Today on the Senate floor, Sen. John Cornyn (R-TX) introduced legislation that would
sharply curtail the effect of the Supreme Court's decision last week in
Kelo v. New London regarding the takings clause and eminent domain property seizures. As pretty much anyone who's been following along with the discussion here, most Kossacks felt sputtering outrage at the decision, despite the facts that it was the four most conservative justices who were in dissent and the decision was seen as a defeat for those private interests who were hoping to deal a crippling blow against zoning and environmental land-use regulations.
Well, folks, one of the most right-wing senators out there is willing to come to your rescue.
When most readers here find themselves in agreement with Rehnquist, Scalia, Thomas, and now Cornyn, the question has to be asked: What side of the issue is really the best one to advance our interests?
More below.
Quoting from Sen. Cornyn's
press release:
U.S. Sen. John Cornyn, a member of the Constitution, Civil Rights and Property Rights subcommittee, introduced legislation Monday in response to a controversial ruling by the United States Supreme Court in Kelo v. City of New London. In a 5-4 decision, the Court held that government may seize the home, small business, or other private property of one owner and transfer that same property to another private owner, simply by concluding that such a transfer would benefit the community through increased economic development. The Cornyn legislation would prohibit such transfers of private property, without the owner's consent, if federal funds were used, and
if the transfer was for purposes of economic development rather than public use.

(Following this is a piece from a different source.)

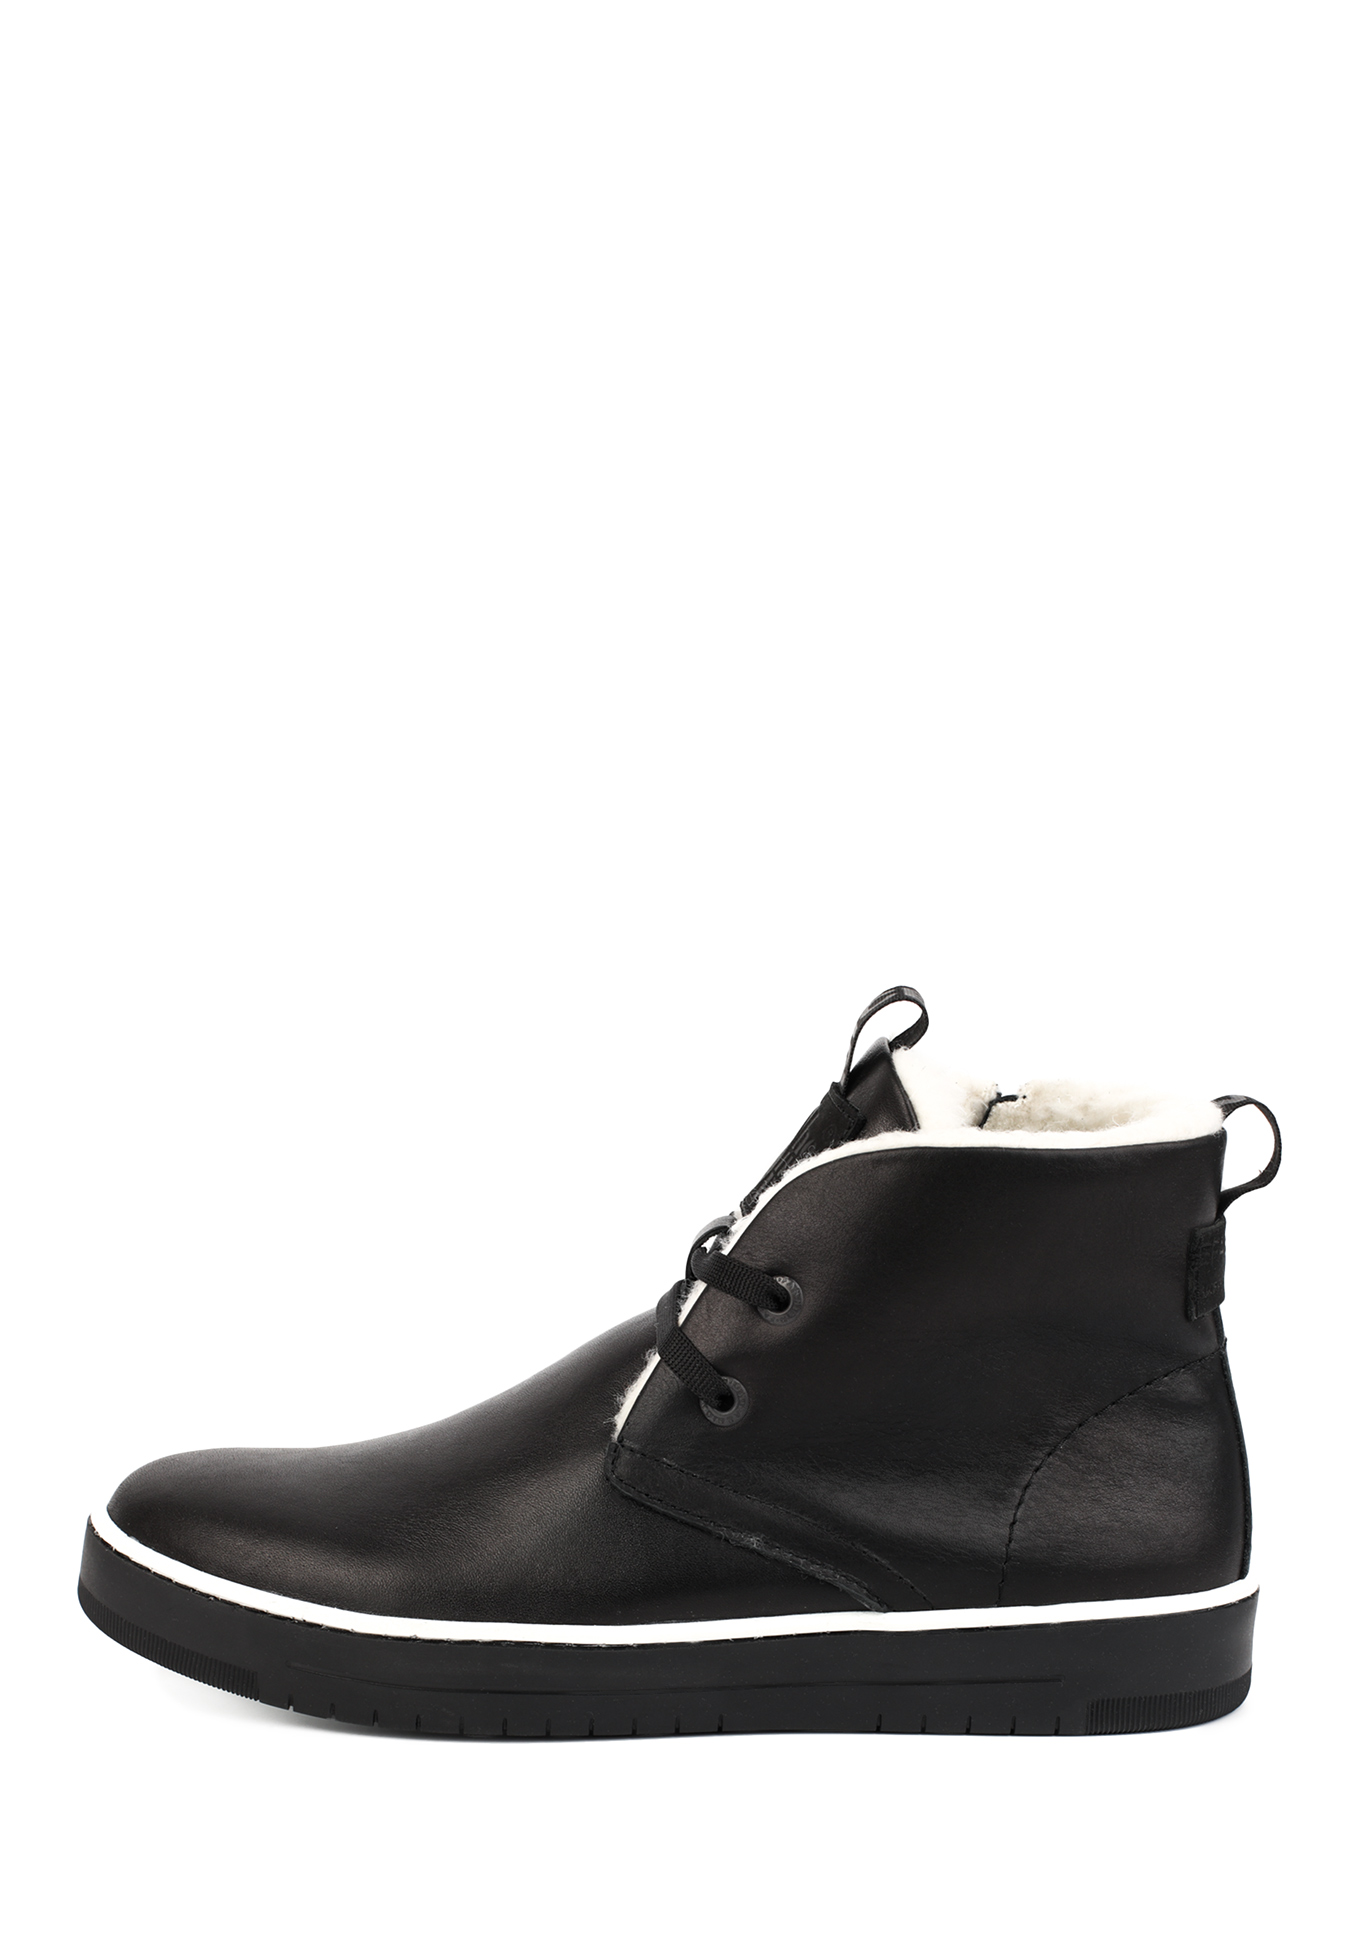 Ботинки мужские  "Стеффан" Shoiberg, размер 40, цвет черный - фото 2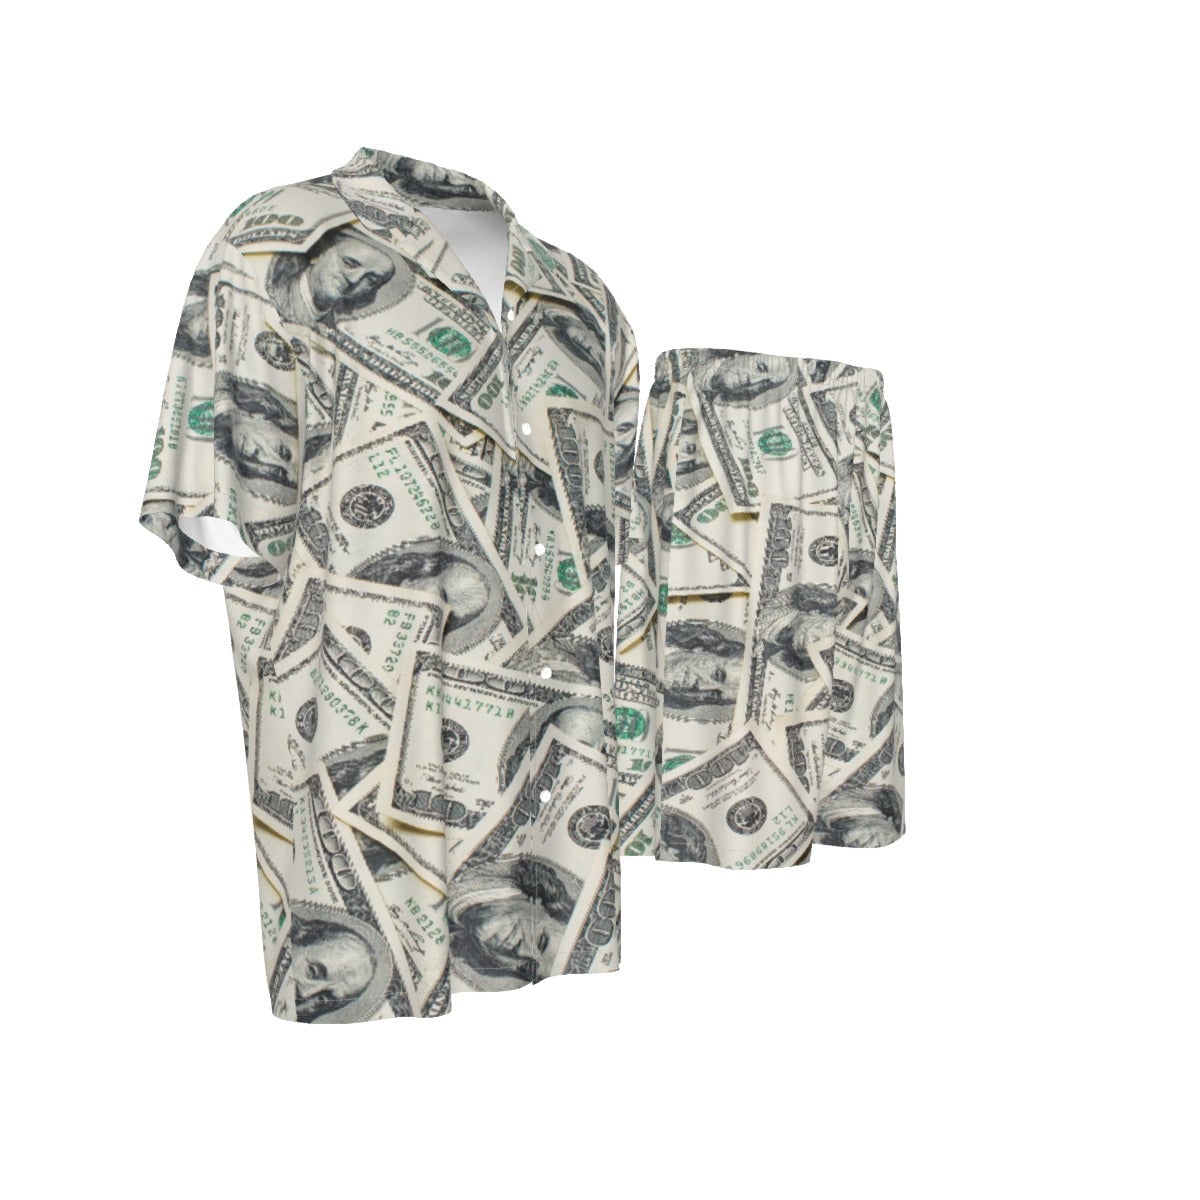 Cash Money Dollar Bill Gangster Silk Shirt Suit Set

"It is appropriate for Congress to take action, consistent with its limited powers under the Constitution, to restore the vital protections of the Fifth Amendment and to protect homes, small businesses, and other private property rights against unreasonable government use of the power of eminent domain," Cornyn said. "This legislation would declare Congress's view that the power of eminent domain should be exercised only `for public use,' as guaranteed by the Fifth Amendment, and that this power to seize homes, small businesses, and other private property should be reserved only for true public uses. Most importantly, the power of eminent domain should not be used simply to further private economic development."
The bill, designated S. 1313,
The Protection of Homes, Small Businesses, and Private Property Act of 2005 (not yet available through Thomas or the GPO), contains the following relevant language:
Sec. 3 [...]
(a) In General. -- The power of eminent domain shall be available only for public use.
(b) Public Use. -- In this Act, the term "public use" shall not be construed to include economic development.
(c) Application. -- This Act shall apply to--
(1) all exercises of eminent domain power by the Federal Government; and
(2) all exercises of eminent domain power by State and local government through the use of Federal funds.
Both in the legislation itself and in his
floor remarks, Cornyn cites not only to a letter written by Thomas Jefferson in 1816 (over 7 years after his presidency ended) on the protection of private property rights, but also bizarrely enough -- considering Cornyn's political pedigree -- to the amicus briefs filed by the NAACP and AARP, which noted that "[a]bsent a true public use requirement the takings power will be employed more frequently. The takings that result will disproportionately affect and harm the economically disadvantaged and, in particular, racial and ethnic minorities and the elderly."
He then manages to take a swipe at Democrats:
In a way, the Kelo decision at least vindicates supporters of the nomination of Justice Janice Rogers Brown to the U.S. Court of Appeals for the D.C. Circuit. That nomination attracted substantial controversy in some quarters, because of Justice Brown's personal passion for the protection of private property rights. The Kelo decision announced last Thursday demonstrates that her concerns about excessive government interference with property rights is well-founded and well within the mainstream of American jurisprudence.
Nothing from Cornyn makes it entirely clear what the Constitutional basis for the legislation is, although as Lyle Denniston pointed out at
SCOTUSblog, "it appears that part of it is based upon the Necessary and Proper Clause, some notion of federal police power, and, to a degree, the Commerce Clause, and part of it is based upon the Spending Clause." Even if the bill were to make it all the way through to enactment, it would surely be challenged before it could ever take effect, throwing the issue once again back to the courts.
To me, all this makes me rather more inclined to believe that the result in Kelo may not have been the outright disaster that so many portrayed it to be. Thoughts, anyone?